E-mails show frustration with NJ government

April 8, 2008 6:08:19 PM PDT
Robert Freschi has had enough. "Let me first state that my wife and I are both retired, and that I seriously doubt we'll be able to afford to live in New Jersey much longer," he wrote in an e-mail to the governor's office. "There is no rational reason why our state is at or near the top in so many expense categories."

But a look at hundreds of budget-cutting suggestions e-mailed by the public to Gov. Jon S. Corzine's office shows many New Jerseyans firmly believe they know the reason - way too much government and cushy benefits for government workers.

"All I hear is cuts and freezes that once again, as usual, involve us the taxpayer!" wrote John Turner. "We are not a profit center! Why don't I ever hear what REALLY needs to be cut?"

The suggestions were sent to Corzine's office through a Web site the governor's office created to hear budget-cutting suggestions. Corzine is proposing $2.7 billion in cuts as he tries to fix troubled state finances, but said he also wanted ideas from the public.

The Associated Press obtained 750 pages of e-mail copies through an open public records request. The administration redacted some information, including the hometowns of those who sent e-mails.
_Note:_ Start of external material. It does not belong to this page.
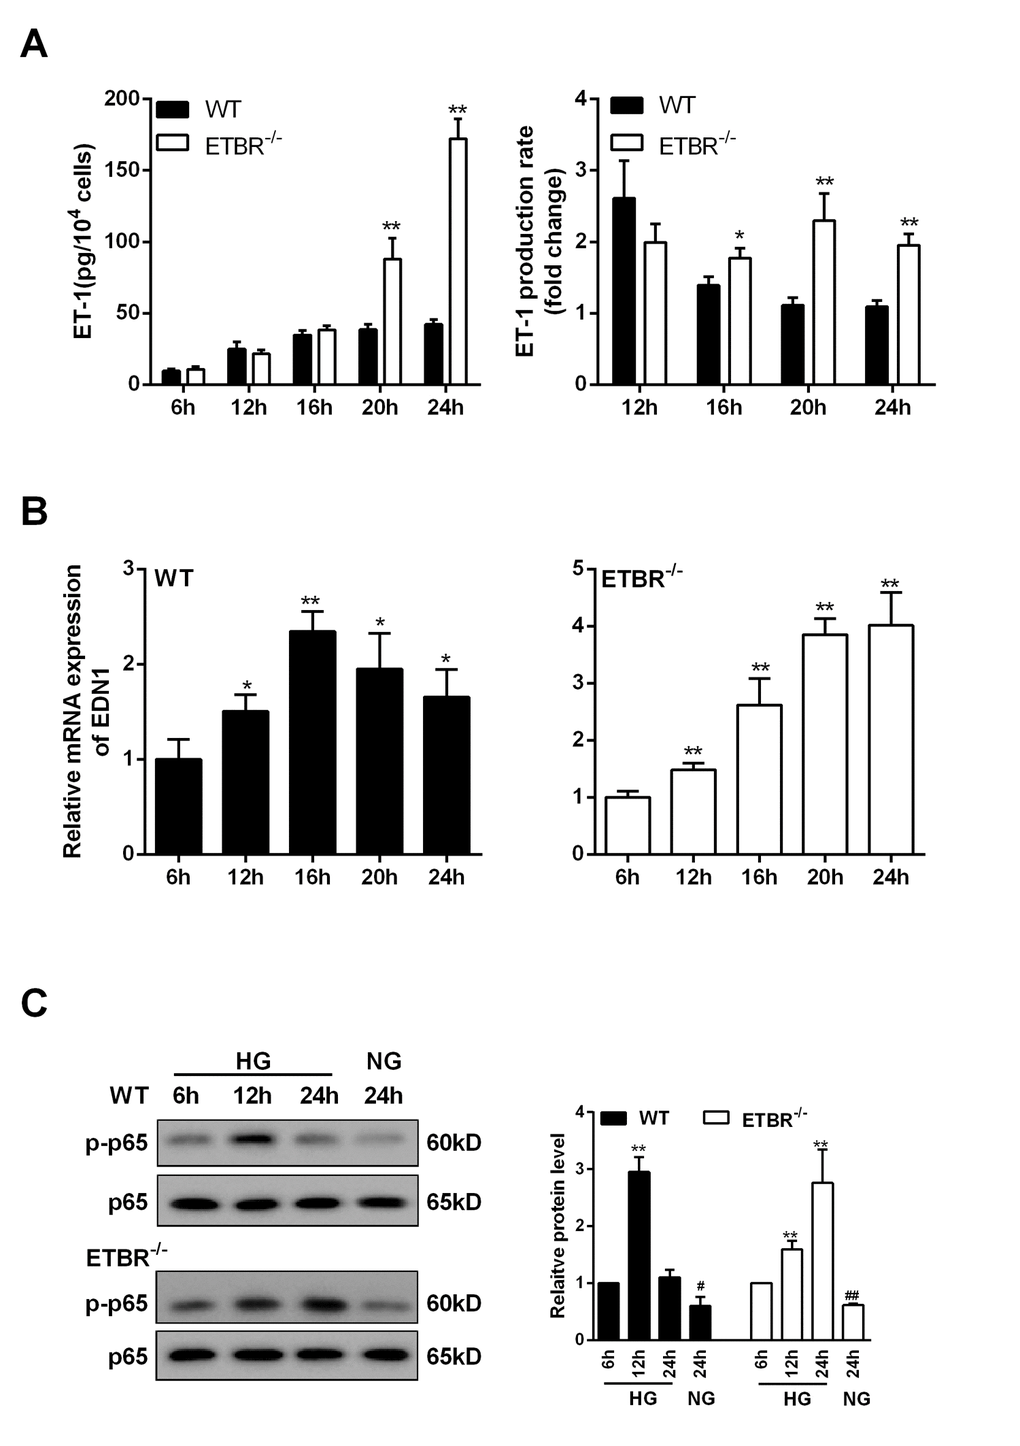 ET-1 was overexpressed in ETBR knockout GENs and was regulated by NF-kapapB pathway. GENs was cultured in HG medium, and the supernatant and GENs were collected at 6 h, 12 h, 16 h, 20 h, 24 h after cultivation. (A) Under the HG condition, ET-1 expression (in the supernatant)in WT and ETBR knockout GENs groups was detected at 6 h, 12 h, 16 h, 20 h, 24 hGENGEN . **pB) mRNA expressions of EDN1 in WT GENs and ETBR-/- GENs groups were detected at 6 h, 12 h, 16 h, 20 h, 24 h. **p-/- GENs within 24 h. **pC) Protein levels of p-p65 in WT GENs and ETBR-/- GENs groups were measured at 6 h, 12 h, 16 h, 20 h, 24 h. Bars depict the mean ± SD. N=3.

The e-mails indicate frustration with a state that has the nation's highest property taxes, third highest overall tax burden, a state government that spends $33 billion per year and tax bills from 21 counties, 566 municipalities, 616 school districts and 186 fire districts.

"Consolidate or regionalize school districts!" wrote Carol Moninghoff-Allen. "There are too many!!"

Corzine spokeswoman Lilo Stainton said Corzine understands the message.

Stainton noted Corzine's plan calls for eliminating three state departments, cutting 3,000 state workers, calls for no tax increases and boosts overall property tax relief. She also cited last year's state worker contract that called for health care contributions from state workers, an increased retirement age and pension reforms.

Residents had their own ideas on where the cash-strapped government should make cuts, many of them targeting state workers who many contend enjoy lush taxpayer-funded benefits.

"You're a nice guy but you absolutely MUST tell the unions to bug off and surrender givebacks on the pension and other bennies," Richard Murray wrote to Corzine. "Cut the heart out of that evil, swollen pension monster. Don't be afraid."

Leonard Hraber has had it with state cars.

"Let the state workers use their own cars like the rest of us," he wrote.

Frank Gurcsik wants an end to taxpayer-funded retirement pensions.

"If they don't like it, don't be a government employee!!!" Gurscik wrote. "This is not rocket science. Support business. Give businesses tax breaks to stay here. Lessen the size of government. Don't threaten us with less aid to municipalities & schools. It's our money. Our money!!!!!!!"

Bob Master, spokesman for the Communications Workers of America, which represents many state workers, said state workers are wrongly blamed for state fiscal problems.

He said state workers are just "trying to defend a basic middle-class standard of living" even as many private businesses cut pension and health benefits.

"It's not surprising that after several years of state worker bashing on the part of so many legislators, and all the finger pointing that has gone on in terms of the budget crisis, that there's a lot of resentment, and we think it's extremely unfortunate that legislators have played the politics of resentment," Master said.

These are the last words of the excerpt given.